Transform your HTML into clean, easy-to-read markdown with html2md

Table of Contents

What does it do

html2md is a fast and reliable C++ library for converting HTML content into markdown. It offers support for a wide range of HTML tags, including those for formatting text, creating lists, and inserting images and links. In addition, html2md is the only HTML to markdown converter that offers support for table formatting, making it a valuable tool for users who need to convert HTML tables into markdown.

How to use this library

CMake

Install html2md.
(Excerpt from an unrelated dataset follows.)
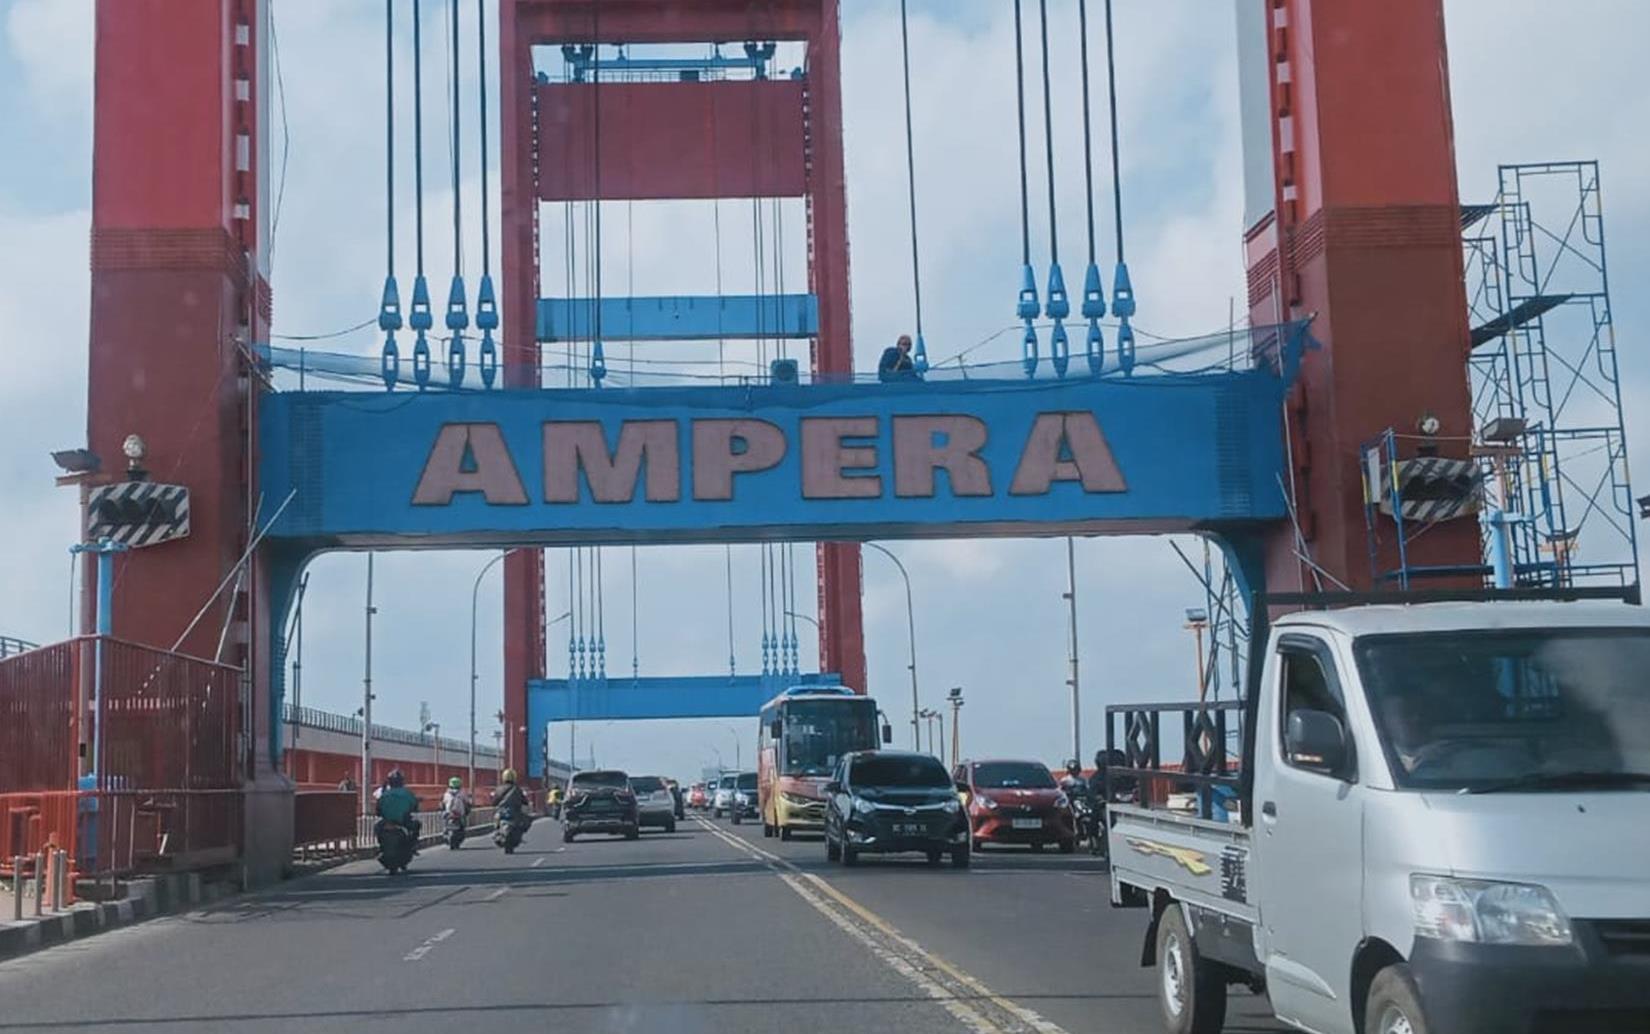 Jembatan Ampera Bersolek, Berikut 9 Fakta Destinasi Wisata Super Andalan di Sumsel yang Jarang Diketahui

Use eighter the prebild packages from GitHub releases or build and install it yourself.

Afterwards:

find_package(html2md)
target_link_library(your_target PRIVATE html2md)

Manually

To use html2md, follow these steps:

  1. Clone the library: git clone https://github.com/tim-gromeyer/html2md
  2. Add the files include/html2md.h and src/html2md.cpp to your project
  3. Include the html2md.h header in your code
  4. Use the html2md::Convert function to convert your HTML content into markdown

Here is an example of how to use the html2md::Convert function:

#include <html2md.h>

//...

std::cout << html2md::Convert("<h1>foo</h1>"); // # foo

Supported Tags

html2md supports the following HTML tags:

Tag Description Comment
a Anchor or link Supports the href, name and title attributes.
b Bold
blockquote Indented paragraph
br Line break
cite Inline citation Same as i.
code Code
dd Definition data
del Strikethrough
dfn Definition Same as i.
div Document division
em Emphasized Same as i.
h1 Level 1 heading
h2 Level 2 heading
h3 Level 3 heading
h4 Level 4 heading
h5 Level 5 heading
h6 Level 6 heading
head Document header Ignored.
hr Horizontal line
i Italic
img Image Supports src, alt, title attributes.
li List item
meta Meta-information Ignored.
ol Ordered list
p Paragraph
pre Preformatted text Works only with code.
s Strikethrough Same as del.
span Grouped elements Does nothing.
strong Strong Same as b.
table Table Tables are formatted!
tbody Table body Does nothing.
td Table data cell Uses align from th.
tfoot Table footer Does nothing.
th Table header cell Supports the align attribute.
thead Table header Does nothing.
title Document title Same as h1.
tr Table row
u Underlined Uses HTML.
ul Unordered list

Bindings

Requirements

  1. A compiler with c++11 support like g++>=9

That's all!

License

html2md is licensed under The MIT License (MIT)